==== Data shown ====
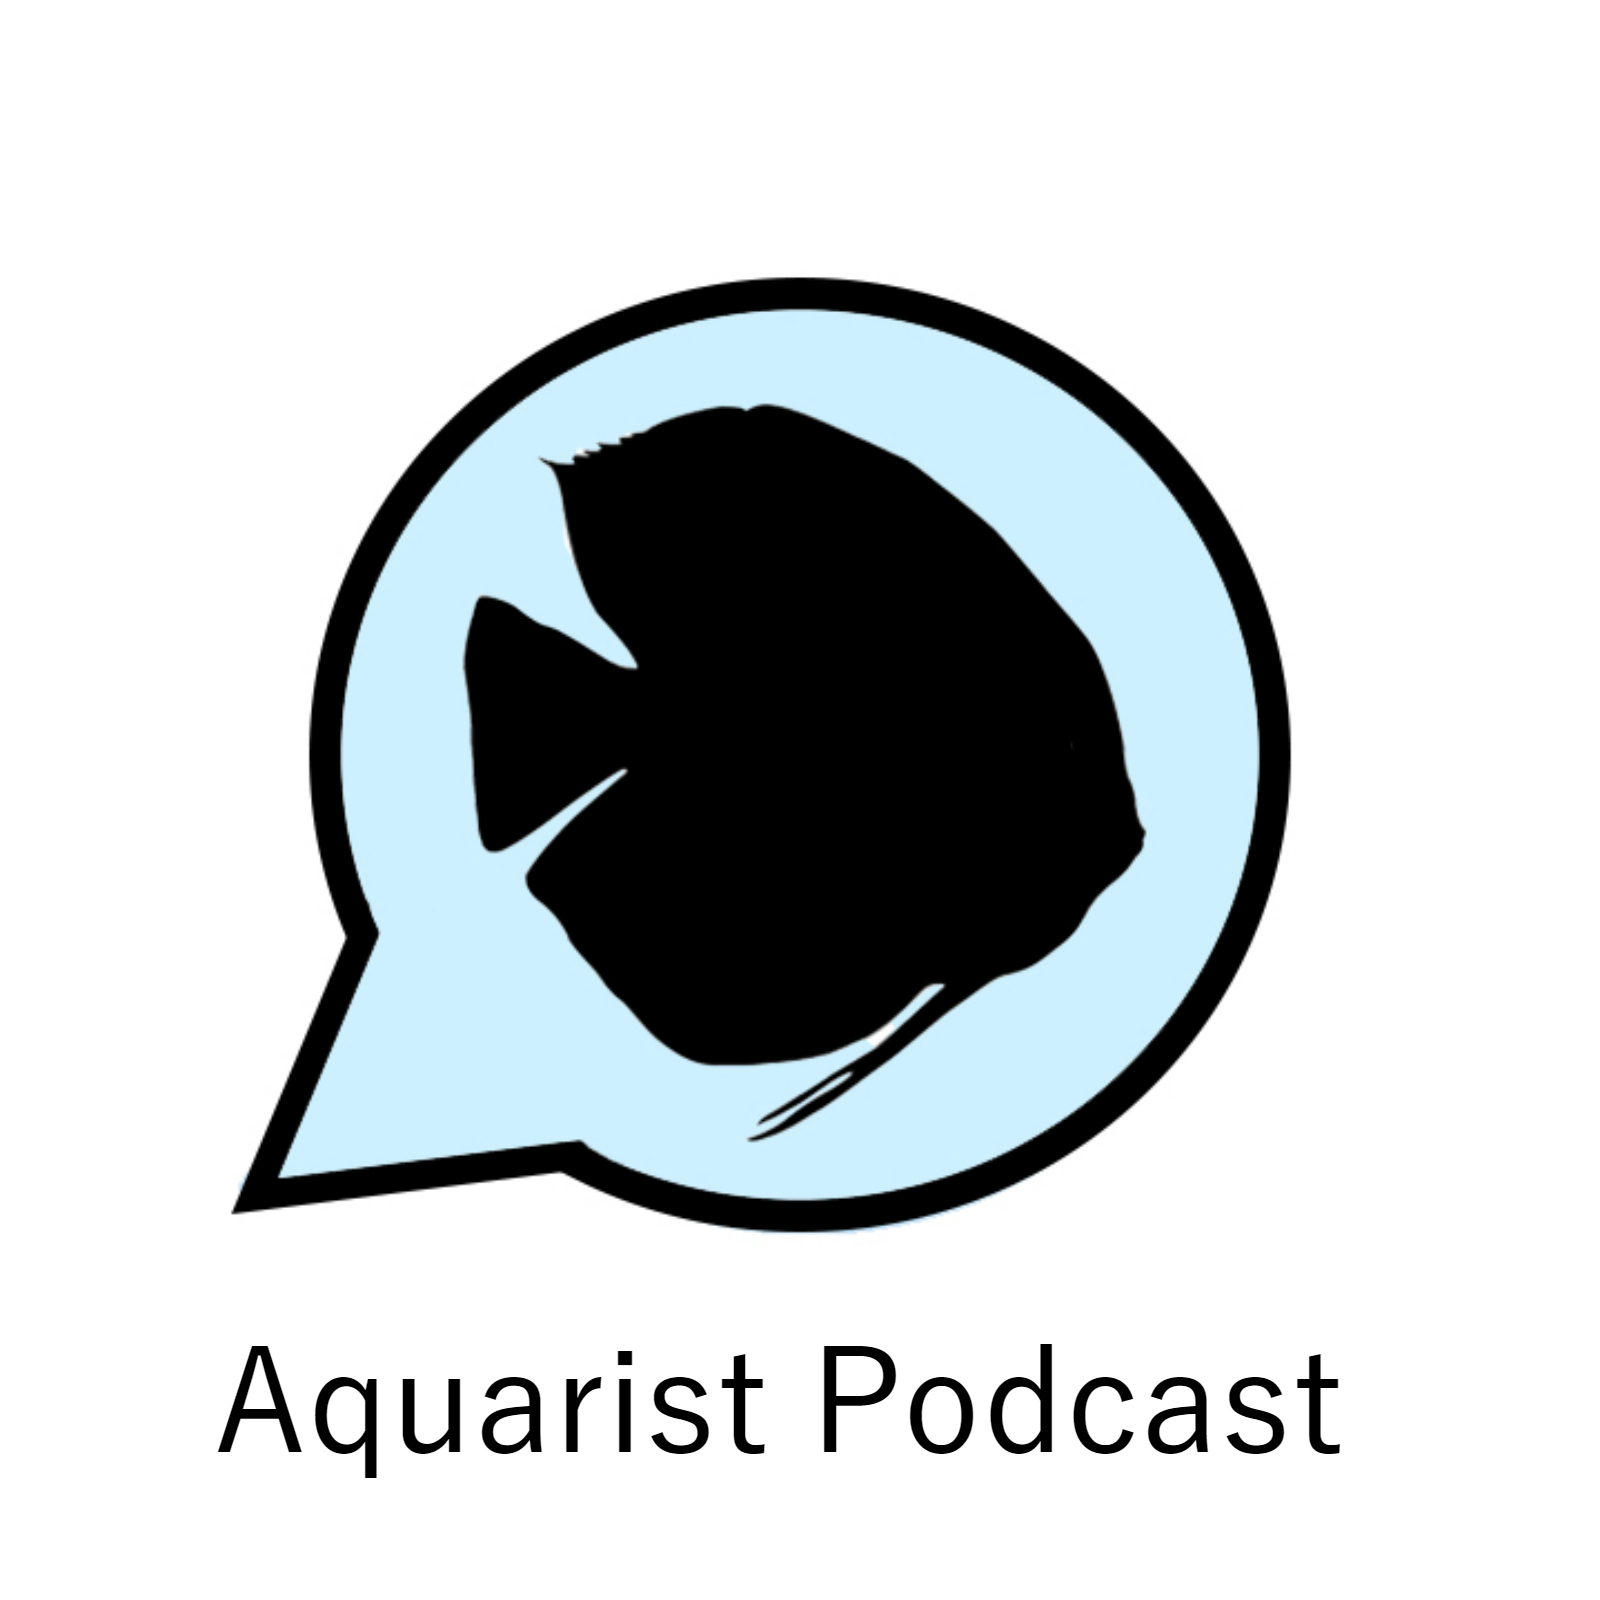 Ep. 21 - Matthew Grant of Printed Reefing Solutions on 3D printing aquarium filters and accessories
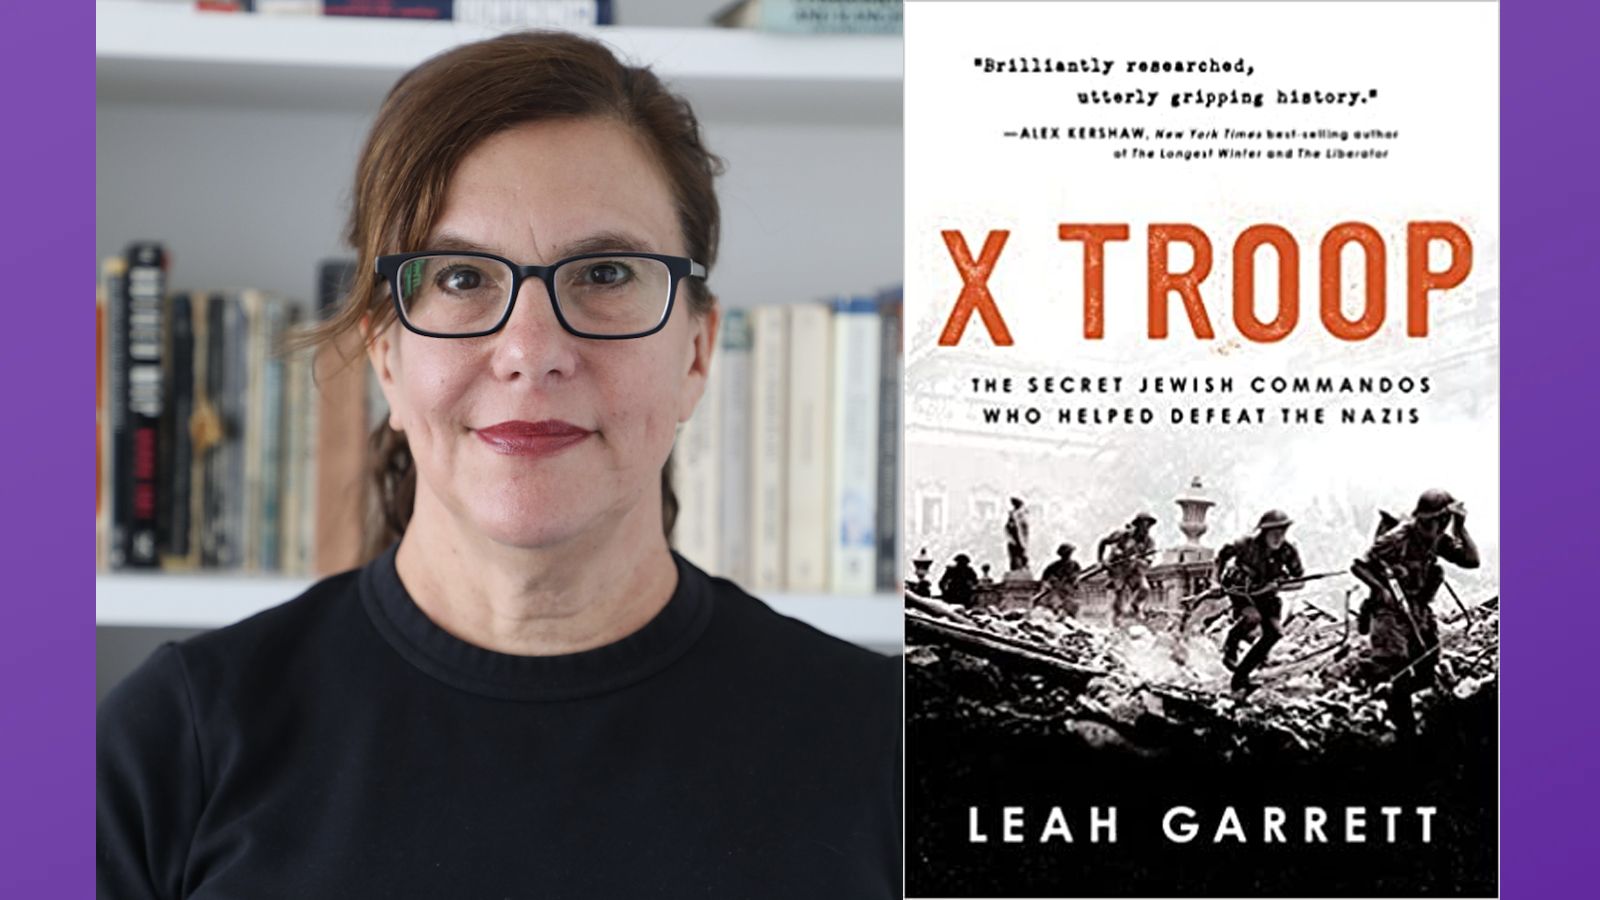 Leah Garrett and book cover for the book X-troop
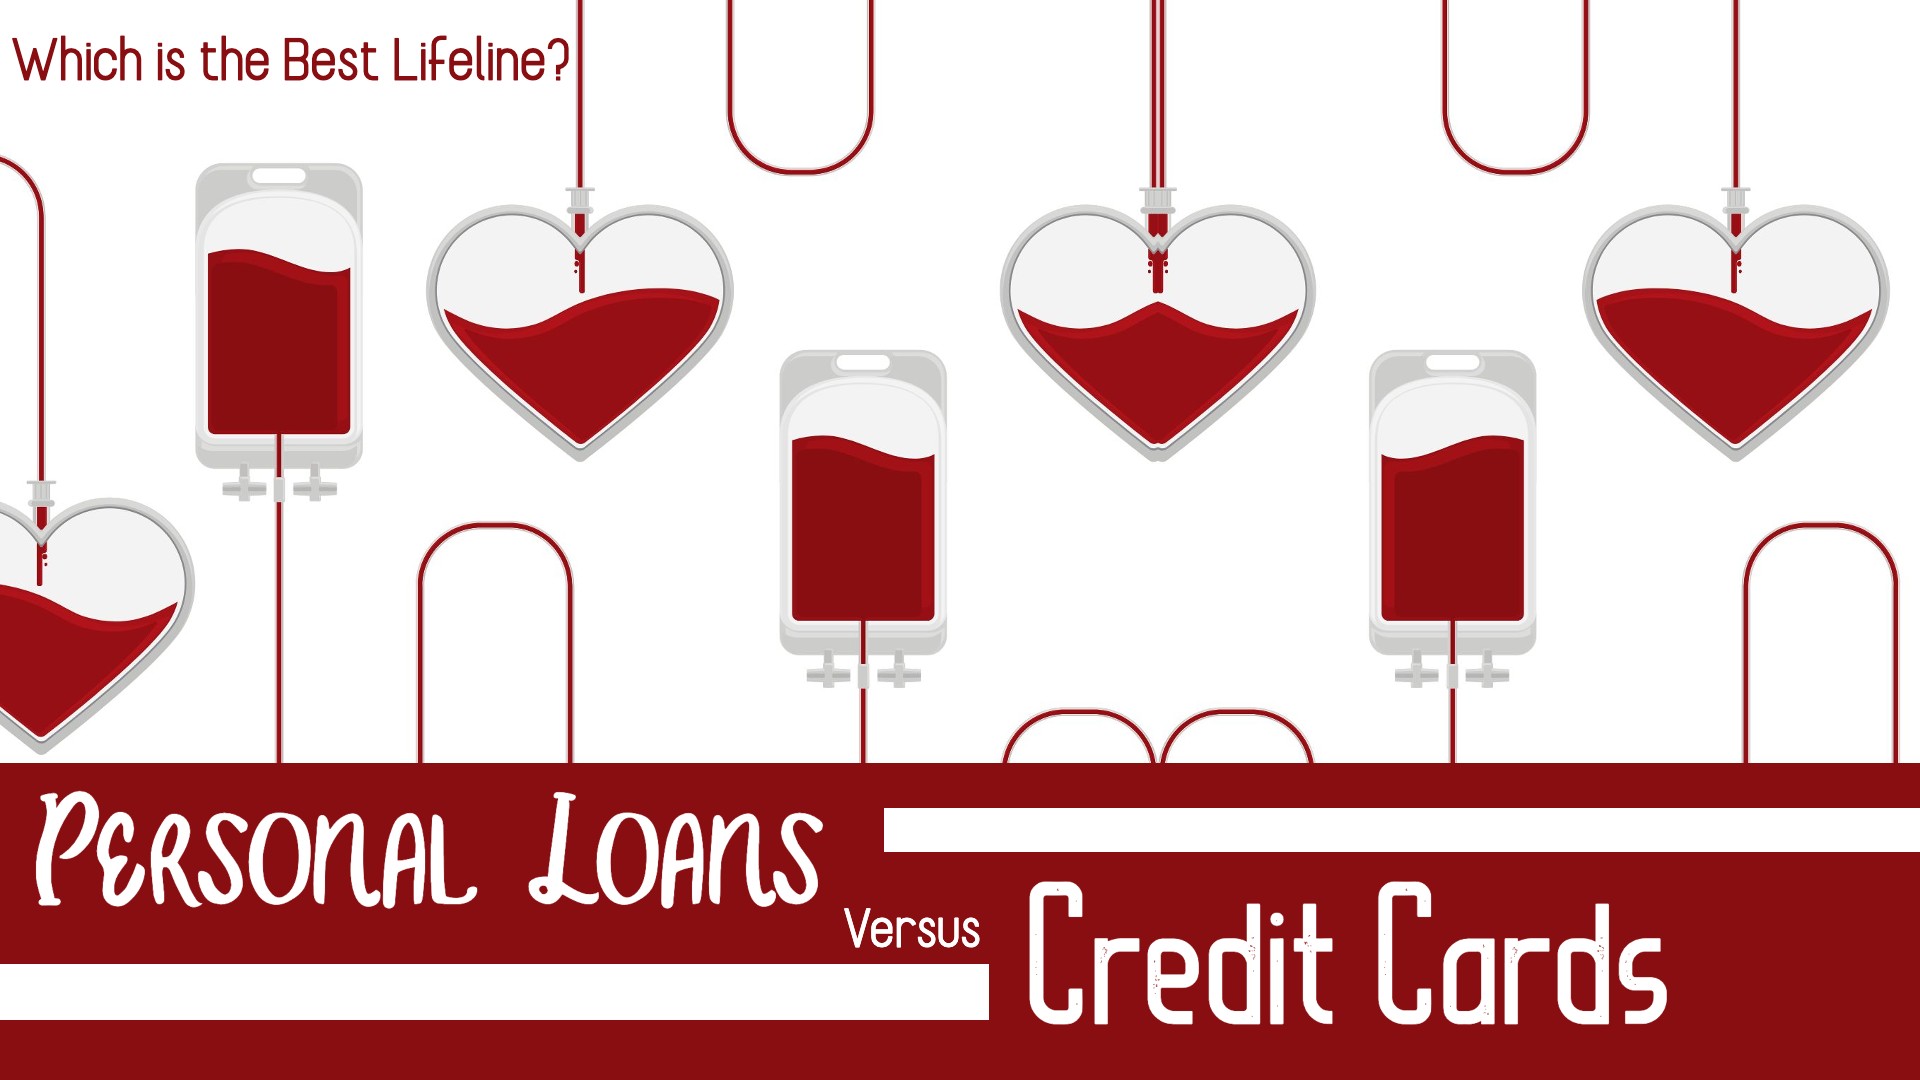 Personal Loans vs. Credit Cards
====
→ **Exercise description**: Once the pictures are set aside, give every line above again without alteration.

→ **Reply to the task**:
 Ep. 21 - Matthew Grant of Printed Reefing Solutions on 3D printing aquarium filters and accessories
 Leah Garrett and book cover for the book X-troop
 Personal Loans vs. Credit Cards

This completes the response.